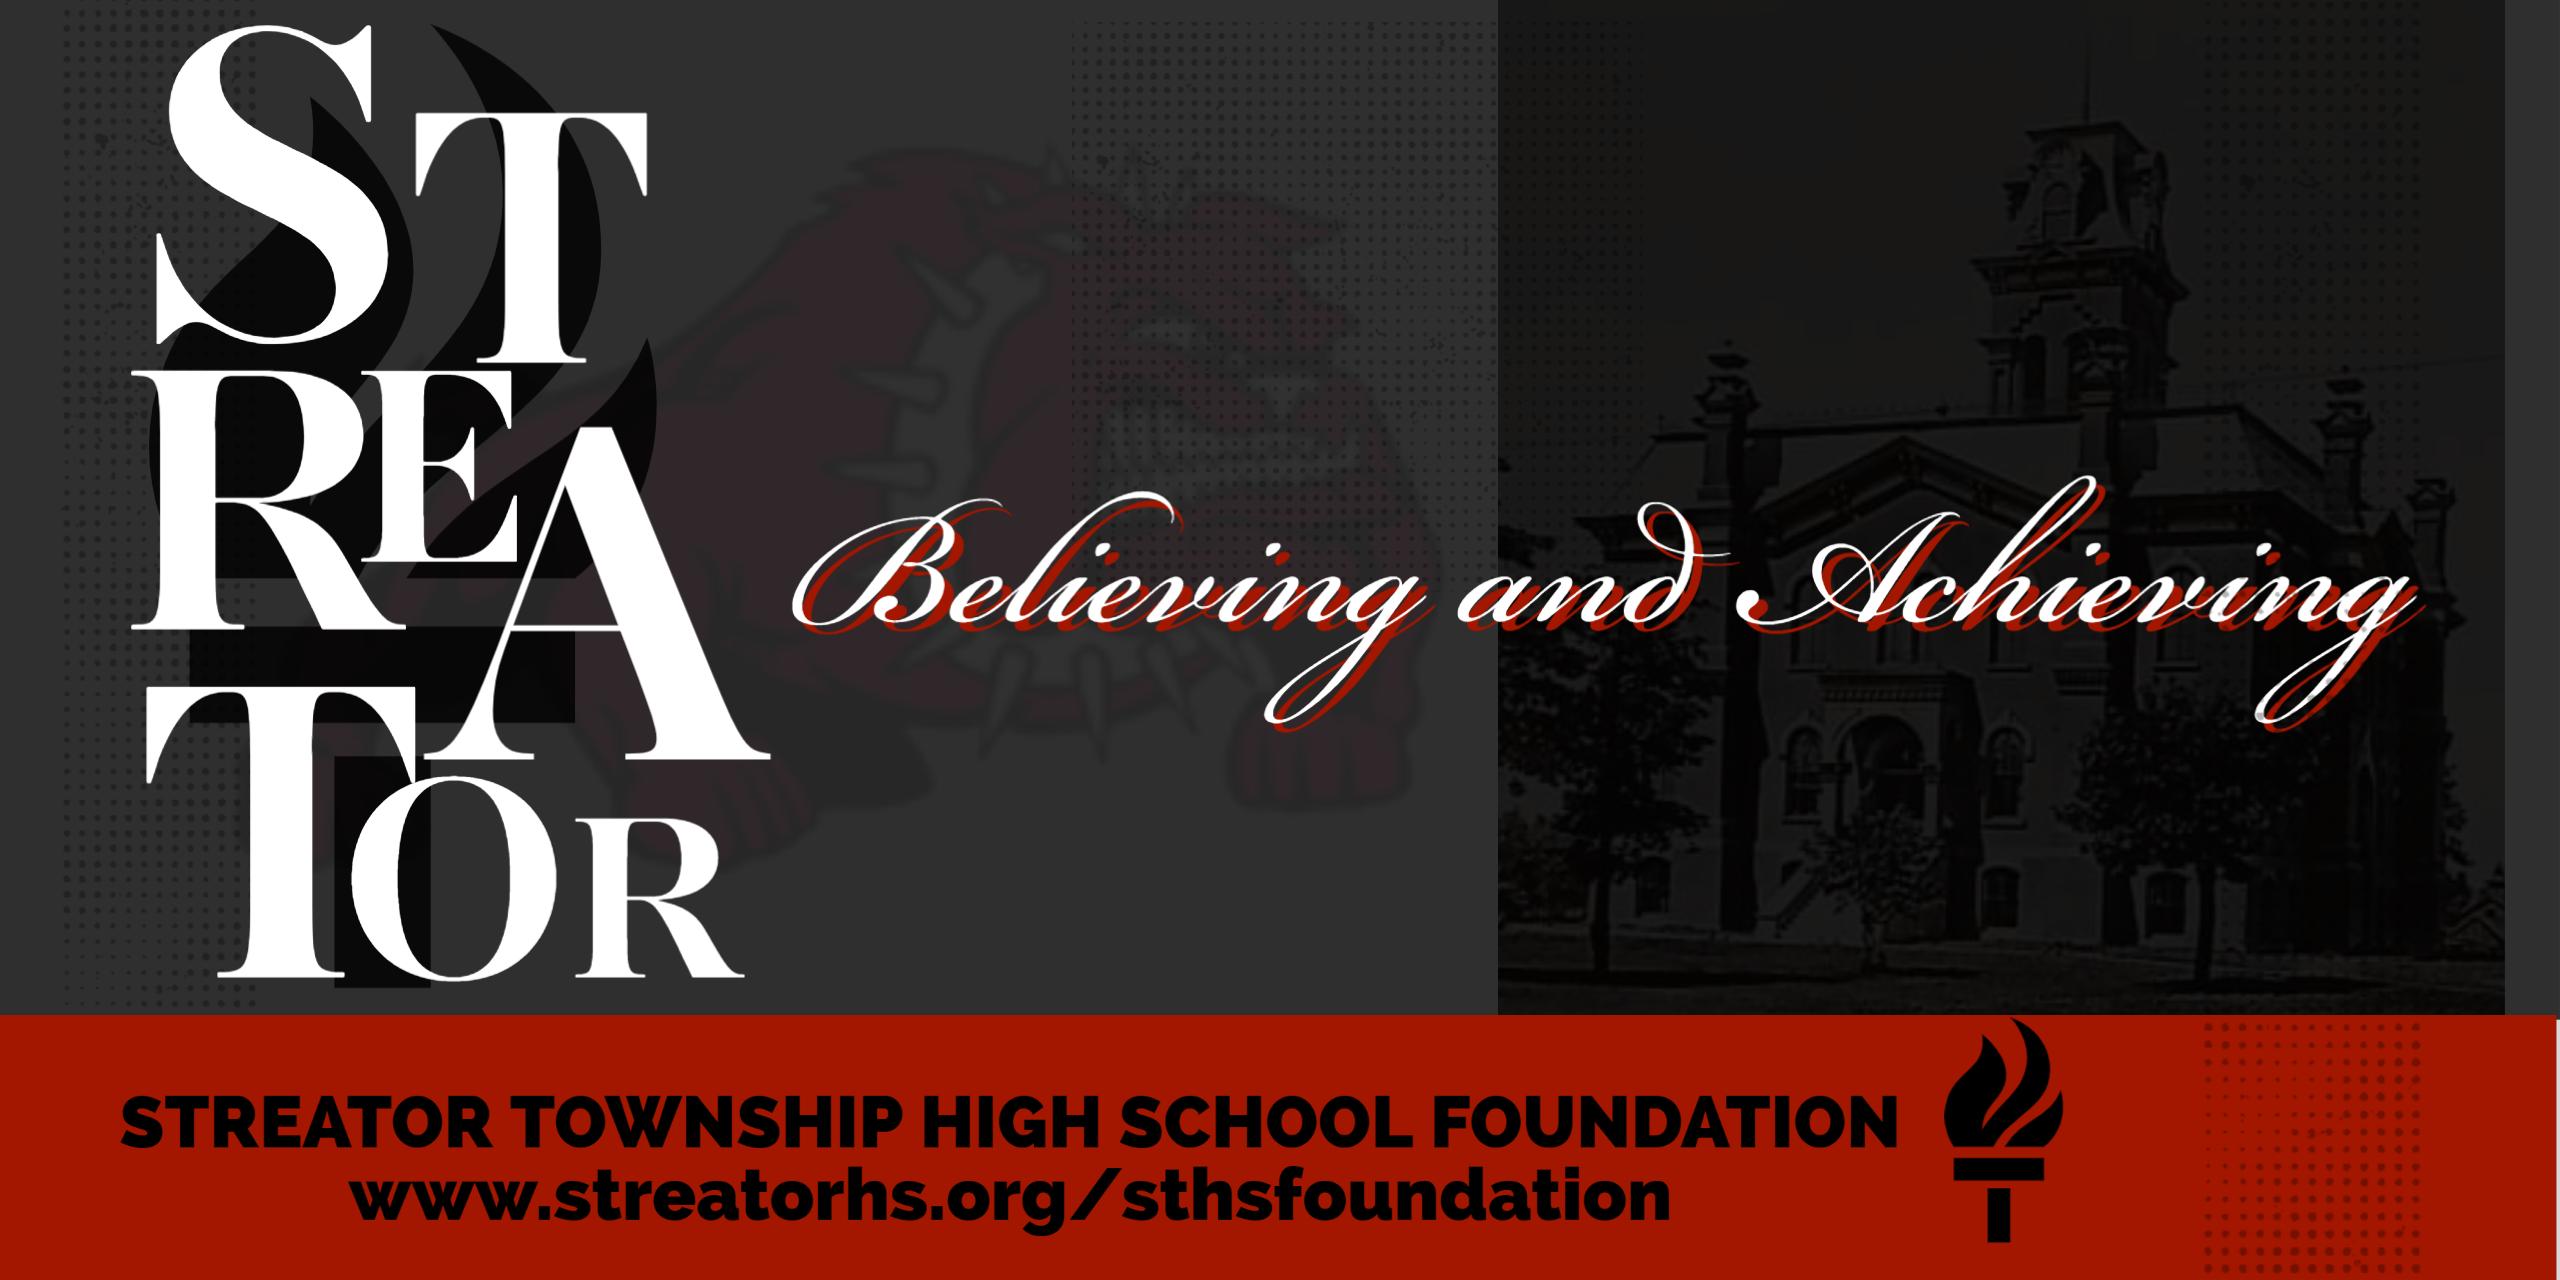 Streator Township High School Foundation
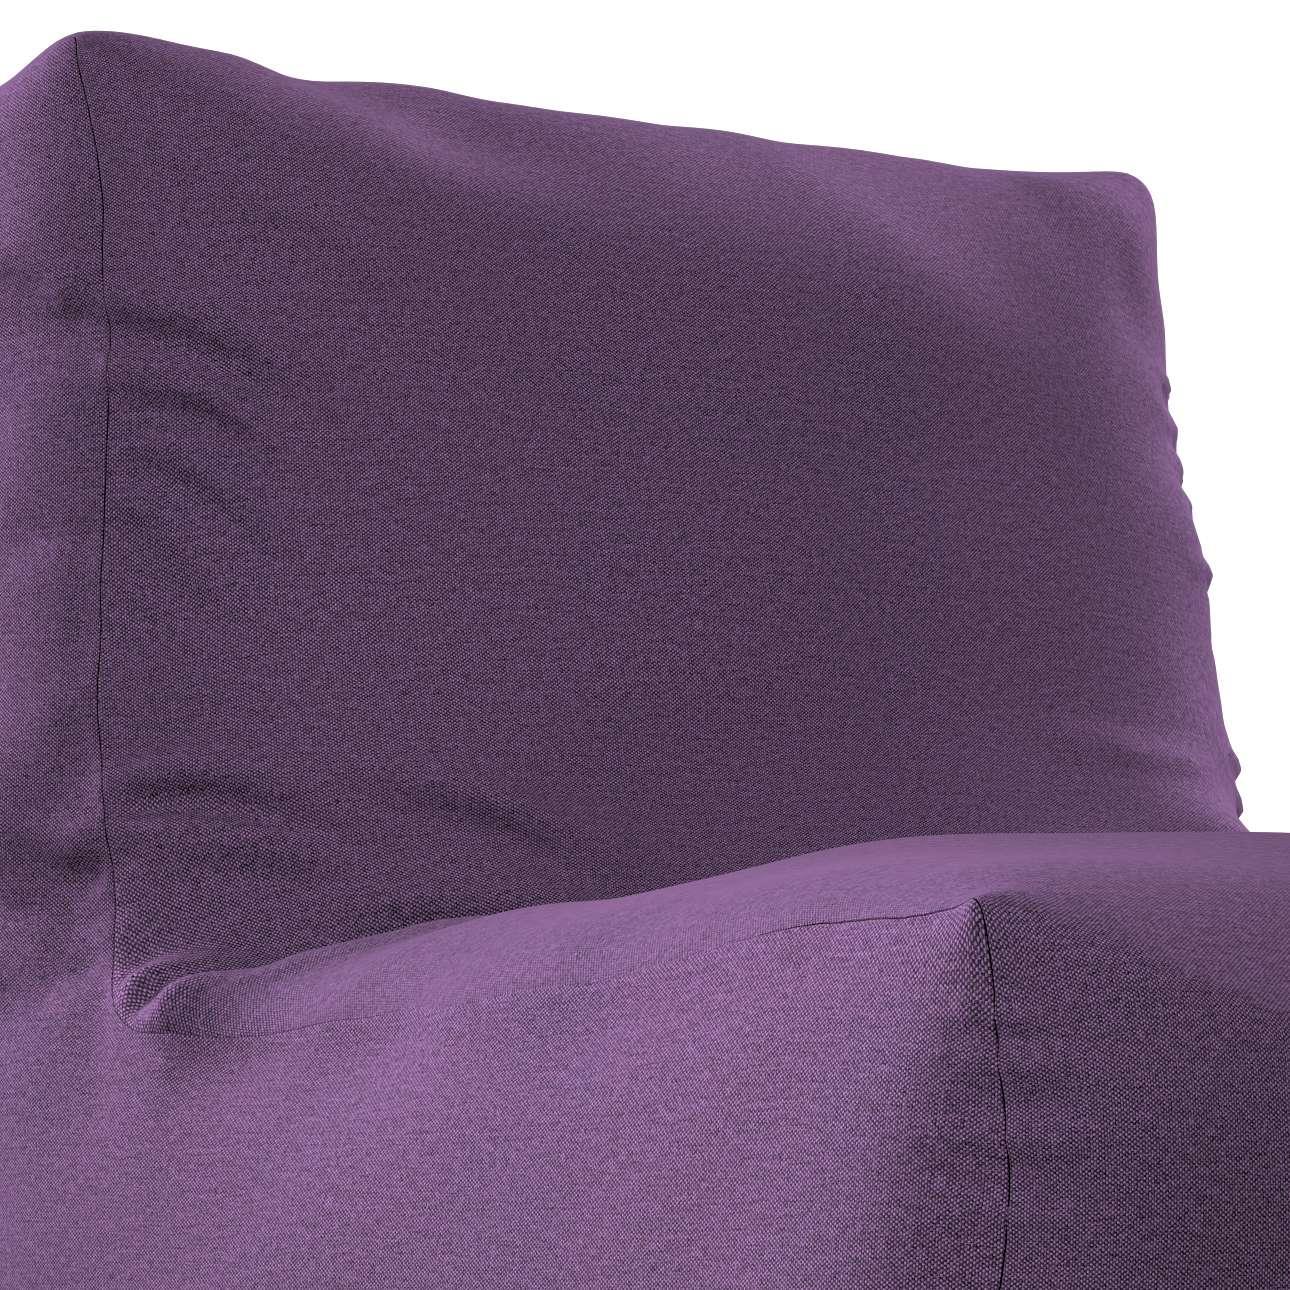 Pufa- fotel w kolekcji Etna, tkanina: 161-27
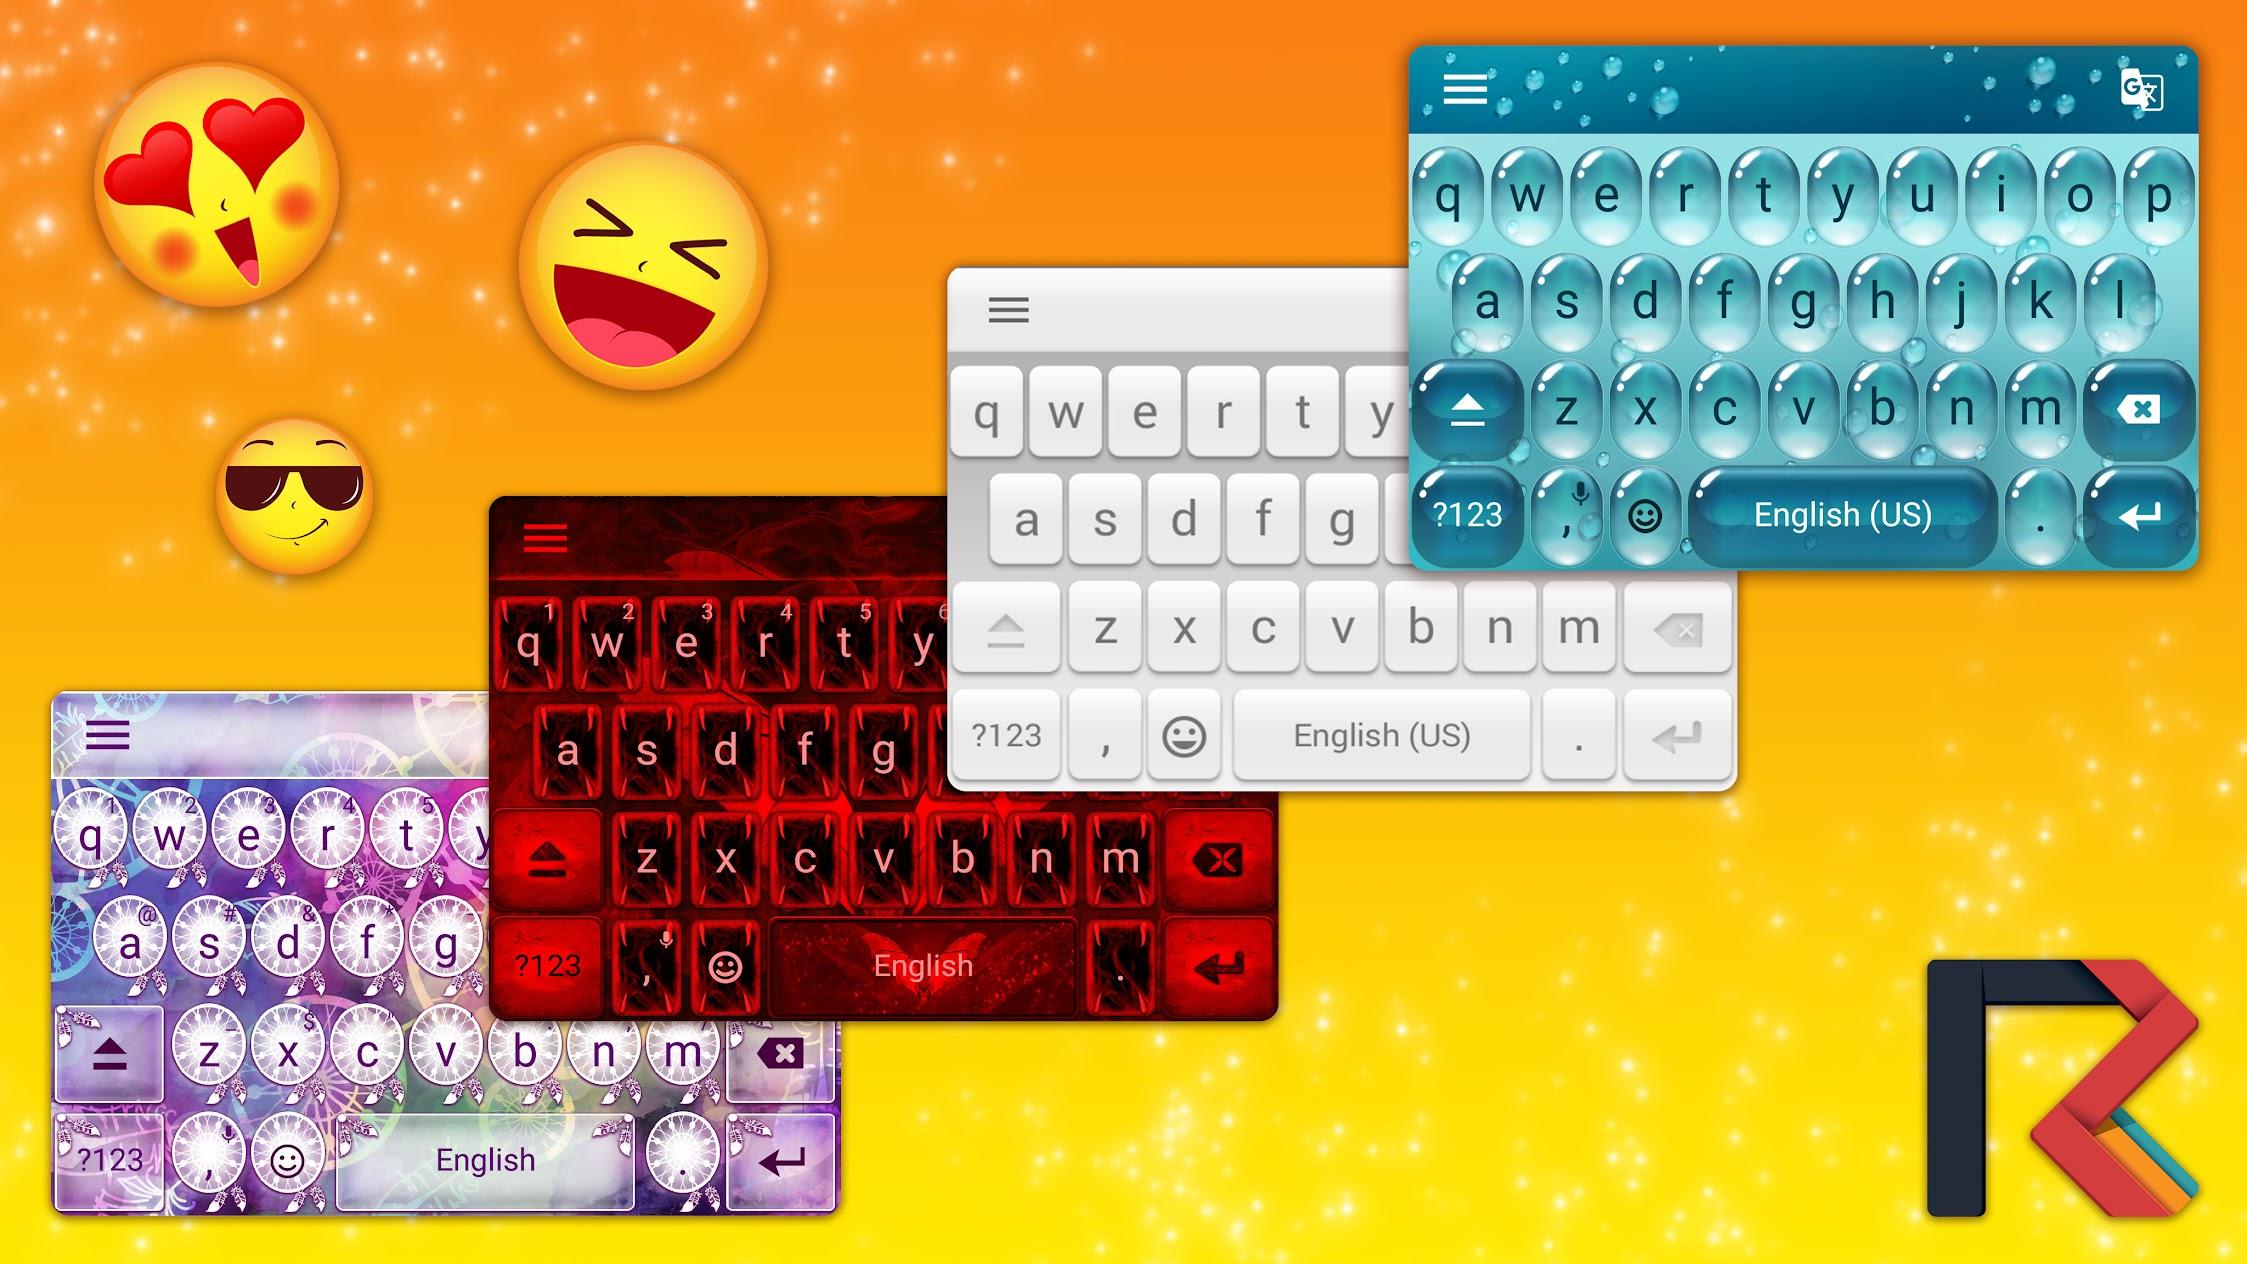 2018 Keyboard, Themes & Stickers

▶ Task to carry out
Write the listing again exactly, duplicating every line and skipping the pictures.

▶ Solution
 Streator Township High School Foundation
 Pufa- fotel w kolekcji Etna, tkanina: 161-27
 2018 Keyboard, Themes & Stickers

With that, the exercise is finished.